Yet another day of pain in the back in the region of my kidney. After i had my attack first thing in the morning i decided to try and go back to sleep and unlike many times before where i have struggled to get back to sleep i managed to fall straight to sleep as soon as my head laid down on the pillow again. I then woke up at 8 am thinking i should be ok for the day only to start getting the pains in my back again. I thought i had got over the infection or whatever it was causing it but i was wrong and by yesterday evening i was in agony once again. This time around i am having trouble going to the toilet normally and have had to resort to laxatives so that i can get rid of some of the wind that is building up in my stomach and making me feel like a balloon. I can’t believe i am still suffering from the same infection. Surely after 2 lots of antibiotics and loads of pain killers it should be easing by now but it seems like its getting worst than ever.
I managed to stay in bed all morning this time and wasn’t woken by the beast this morning. It’s nice to actually have a lay in till 8 am and not feel exhausted all the time. I am still getting aches in my back and again in the region of my right kidney. I have tried going to the toilet this morning and am still having problems. So again i have resorted to taking a laxative this morning and hopefully that will help me to pass some of the wind that is making my belly swell up. It is possible all this pain i am getting is due to trapped wind but i can’t see it being that as the pain is slightly different to that when i have wind. Every now and again i will get a stabbing pain where the kidney is located on the right side followed by a feeling of slight pressure and ache. I am also getting pain in the shoulder blade area on the left today but this could be that i have laid awkward in my sleep or have got a chill in the shoulder. I can’t work out what on earth is going on.
I have never been this ill before and all these pains and aches have started appearing from nowhere. i have pain killers and tablets that i can take to ease the pains but its like nothing seems to help no matter what i do. Could it be something in my back that is causing all these pains like a trapped nerve or something wrong with the spine? If that's the case how on earth does that effect your bowls and bowl movement? Its all nothing but guess work at the moment as i am completely lost. I have been over the doctors 3 times now complaining of the same pain and explaining what is going on but its like the doctors are just not listening. I have explained it is in the kidney area but they insist on listening to the lungs every time. I have explained the pain and the constant ache and they have tested my urine for any infection but there is nothing there. they have also listened to my chest and confirmed whatever infection was there is now gone so it can’t be that.

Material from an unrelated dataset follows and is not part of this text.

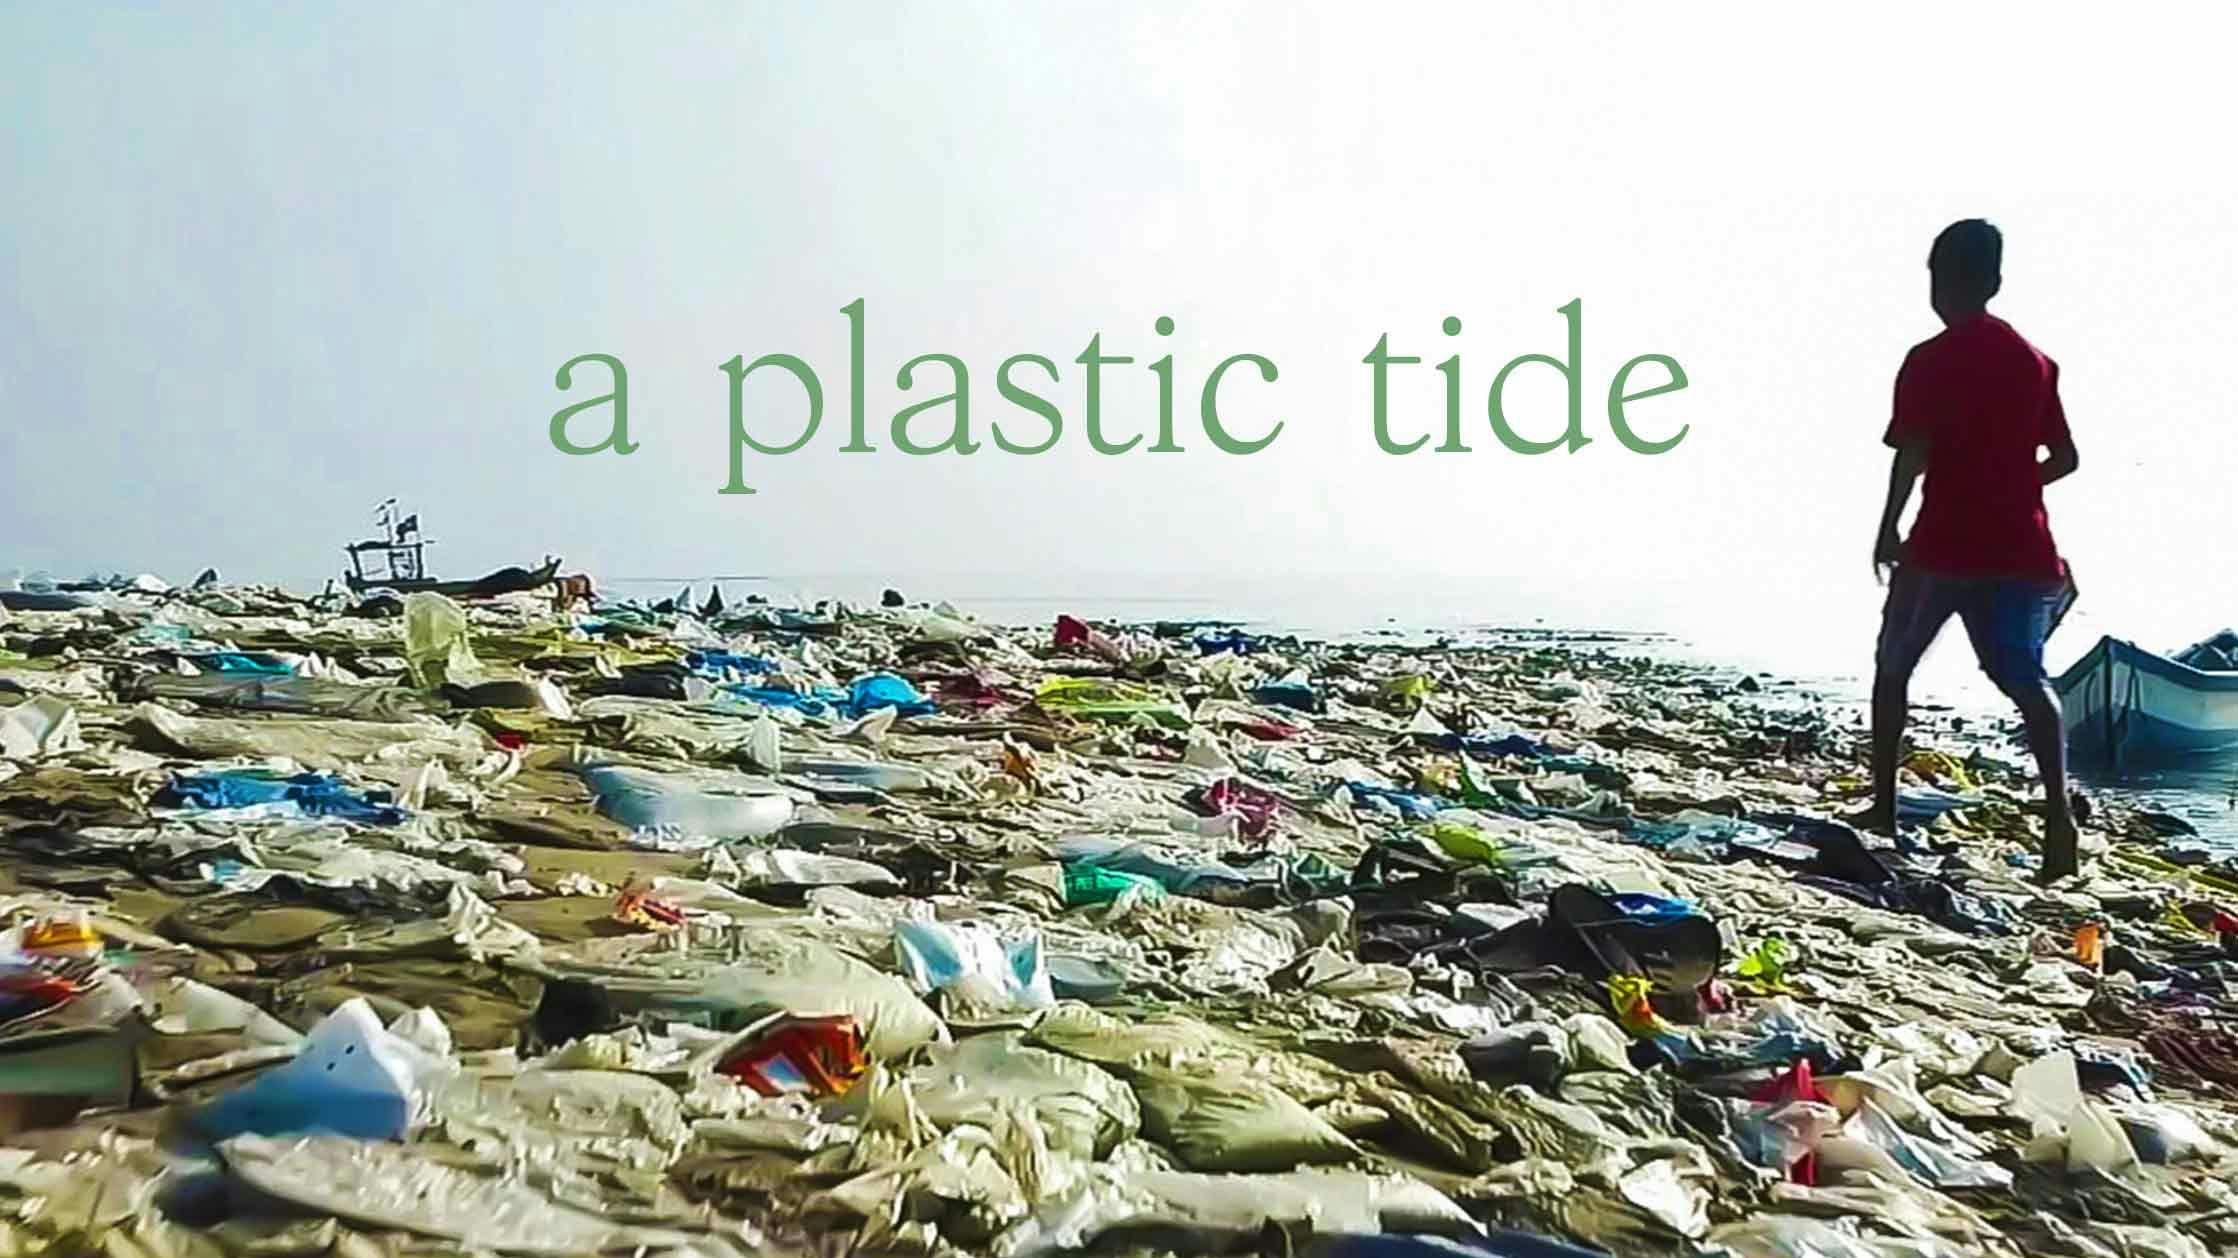 A Plastic Tide

The doctor seemed to think that the pain is due to the muscles hurting and aching after having such a nasty infection and said i could have strained it from having a chest infection from coughing etc. I have tried to explain i didn’t have a chest infection, i didn’t have any problems with my breathing and i certainly didn’t have any cough, mucus or blockage. Why they insist on thinking this way i don’t know but there is definitely something going on. With regards to my attacks, the best is back and i am again getting a couple of attacks per day, every day and now that i have stopped the Verapamil i am just hoping they don’t come back as bad as they were during the winter. The warmer weather should be arriving in the next couple of weeks as we had a nasty cold spell decided to remind us how cold winter can be and it will take a little while before the weather improves enough to have a significant effect on my attacks.
All i know is i am getting some strong pains in the back and kidney area on the right, no matter what pain killers i take it doesn’t help. I have a problem going to the toilet and passing wind but apart from that i don't have any other signs to say there is something wrong with my health. I am starting to believe i am turning into a hypochondriac or similar and imagining these thing. That's one painful imagination i have suddenly acquired and just wish it would go away. Its hard enough trying to deal having attacks all the time with out having to worry about something else going on. I am at the hospital on Tuesday for my x-ray on the lung so hopefully that will shed some light on the matter but if this is not gone within the next week i will have to go and see a different doctor as the ones that i am seeing are useless and don’t seem to listen to what i am telling them. Its not the first time the doctor has ignored what she was being told as she did it with my mother who then went on to find out she had cancer in the kidney and is now waiting an operation to have the kidney removed. lets just hope mine is something to do with the muscles and the back and nothing else.